▶ ACTIVITY: Only the lines below between the one holding "RIRINCO リボンストラップブラウス&ロングキャミワンピースセット" and the one holding "Peppa Pig Pajamas", inclusive, are to be reproduced word for word; the pictures are to be left out.

▶ DATA FOR ANALYSIS:

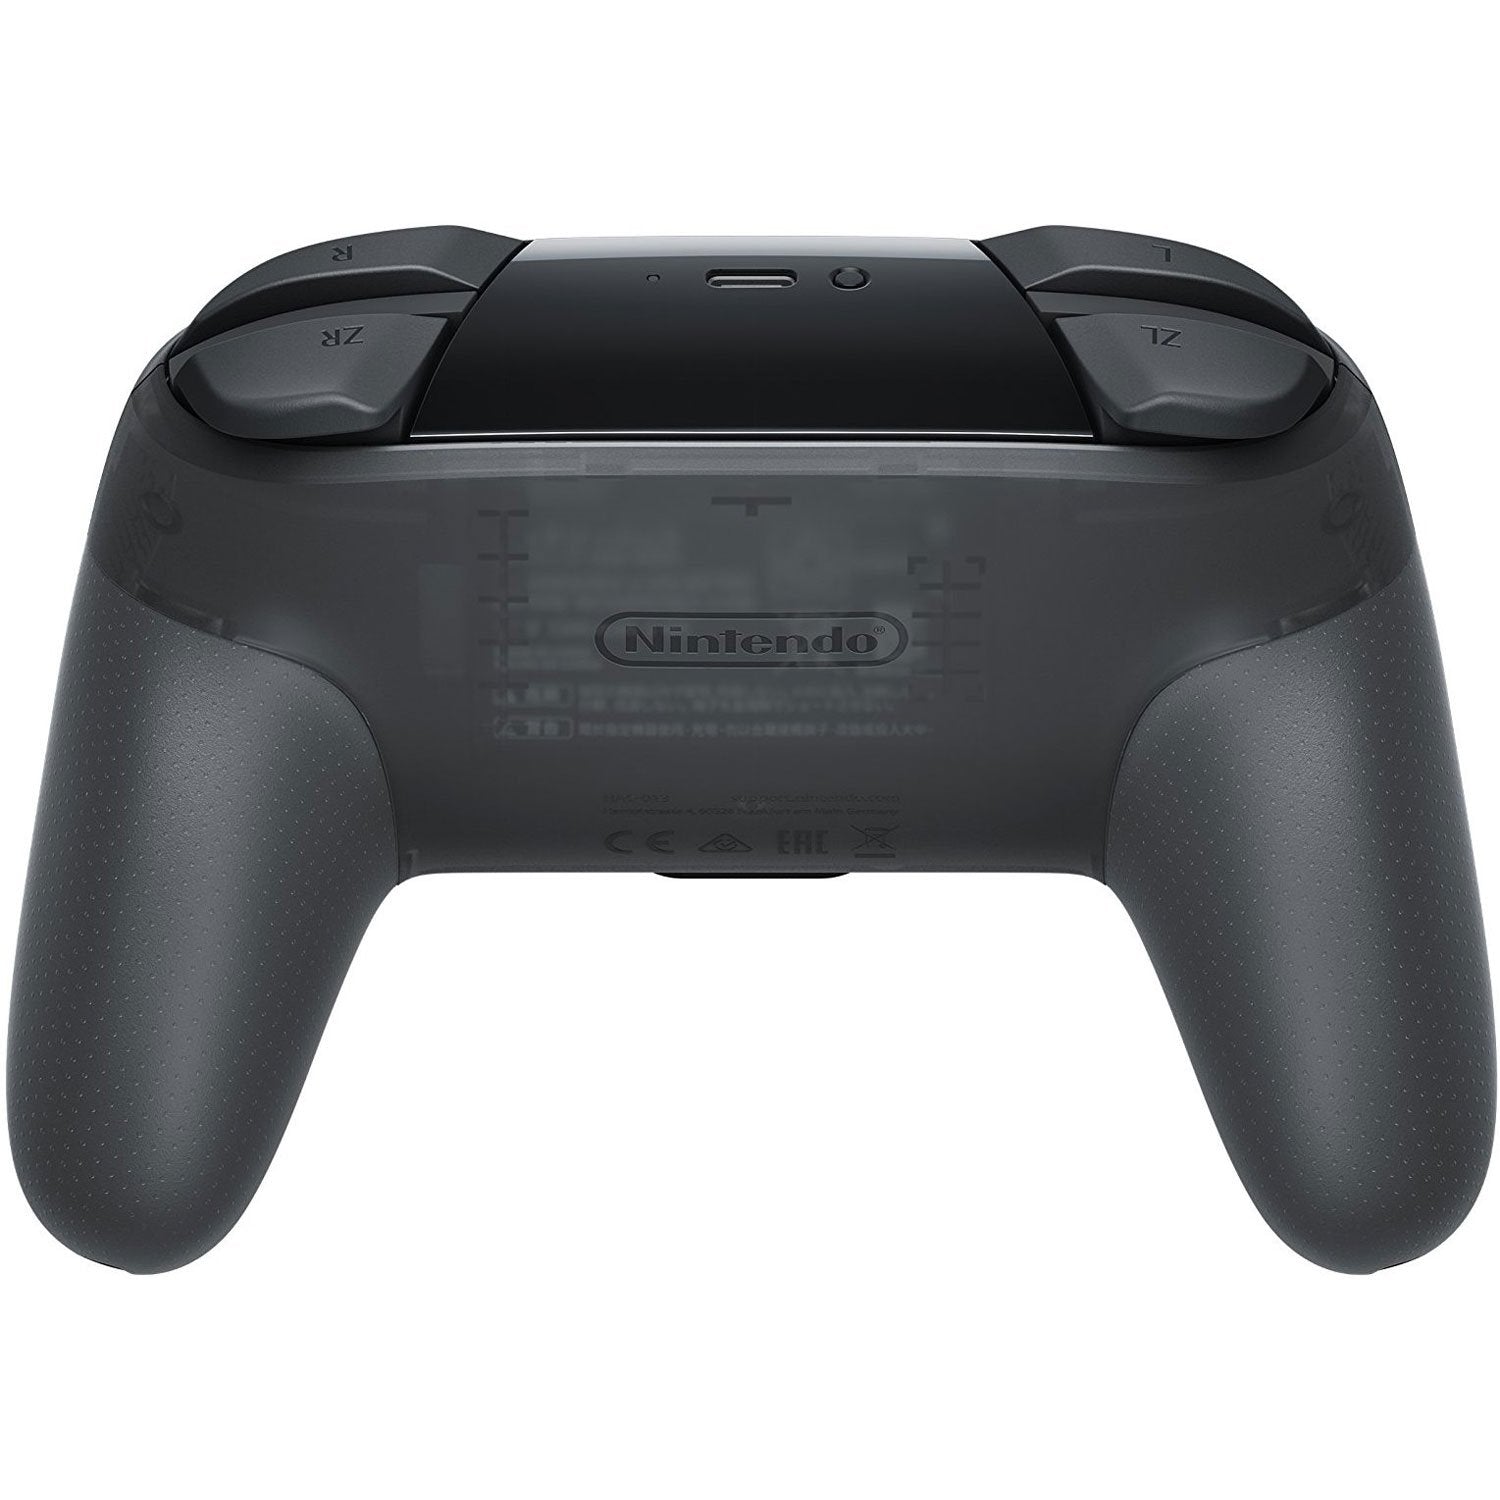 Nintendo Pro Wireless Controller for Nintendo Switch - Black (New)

* * *

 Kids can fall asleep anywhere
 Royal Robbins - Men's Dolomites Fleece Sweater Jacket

---

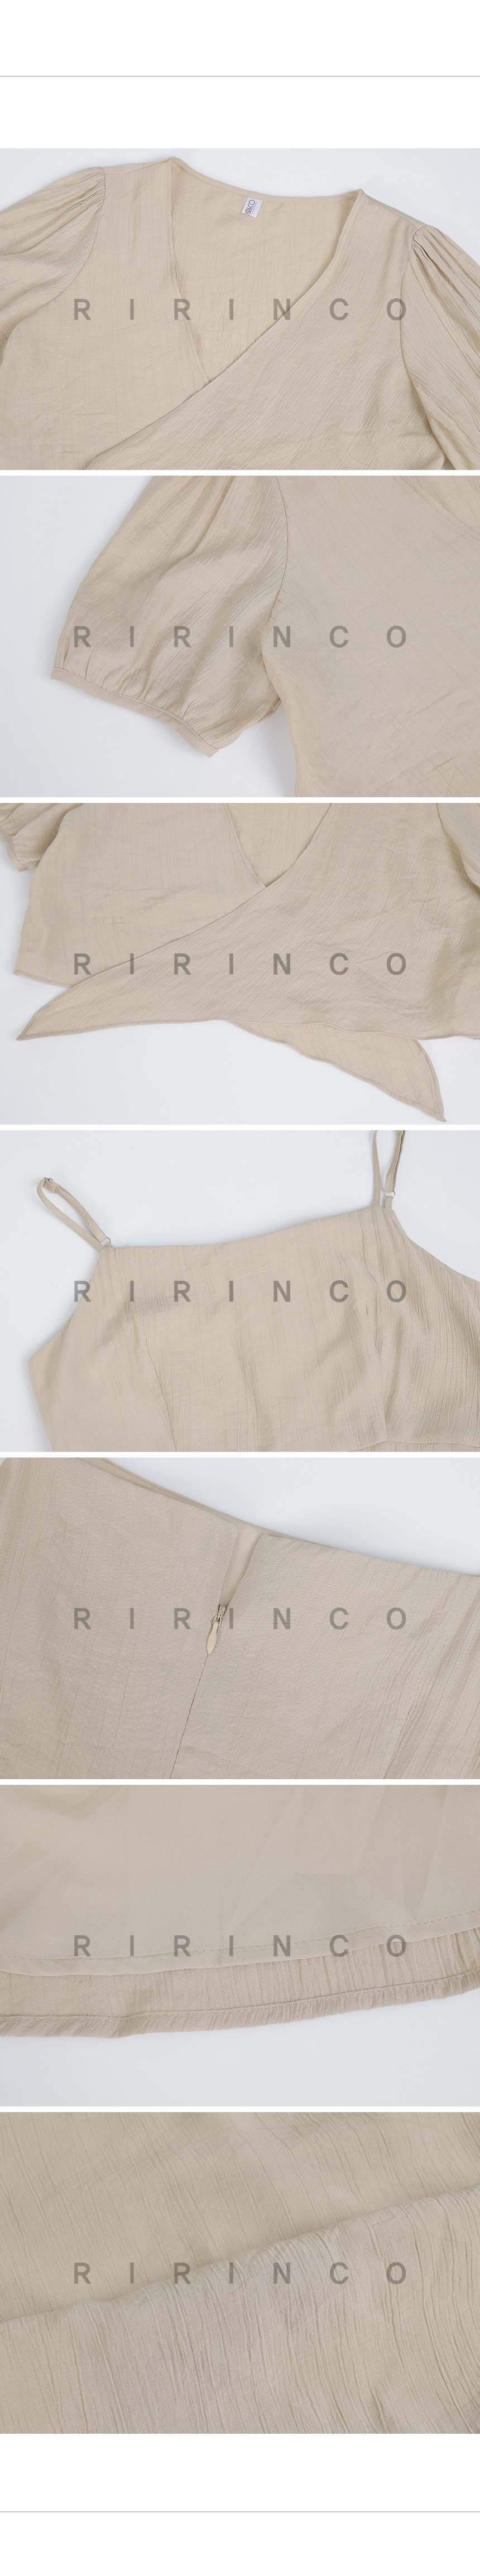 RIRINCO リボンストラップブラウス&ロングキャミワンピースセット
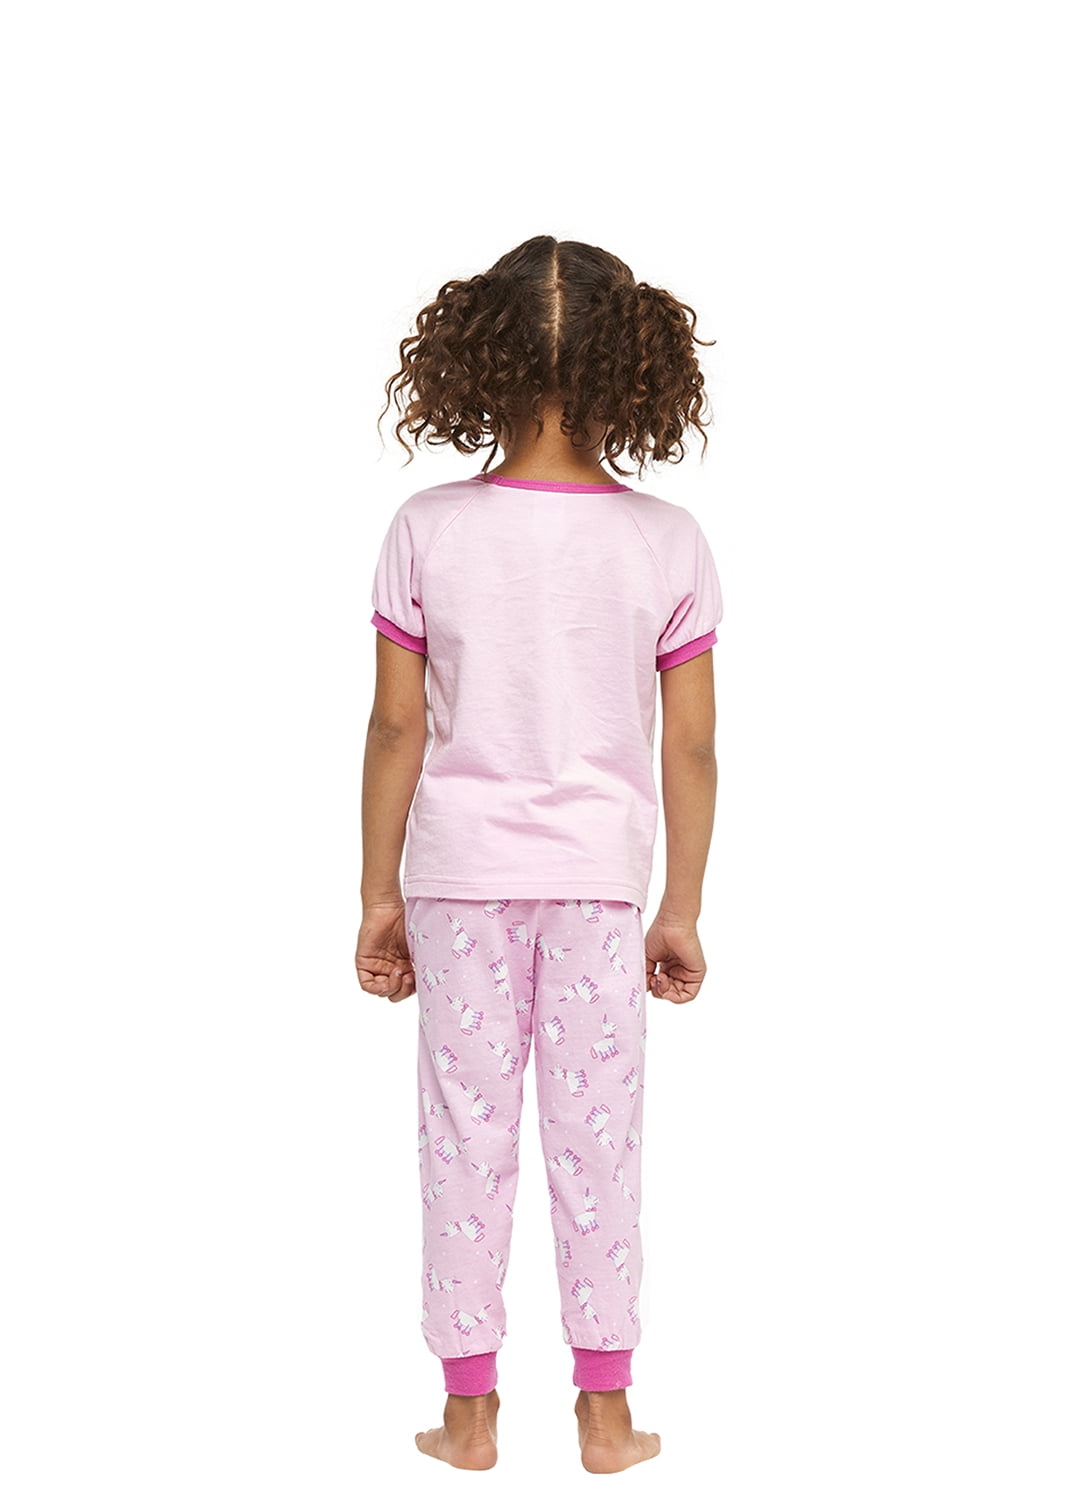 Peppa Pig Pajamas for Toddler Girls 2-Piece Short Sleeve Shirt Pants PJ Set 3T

▶ TASK RESPONSE:
 RIRINCO リボンストラップブラウス&ロングキャミワンピースセット
 Peppa Pig Pajamas for Toddler Girls 2-Piece Short Sleeve Shirt Pants PJ Set 3T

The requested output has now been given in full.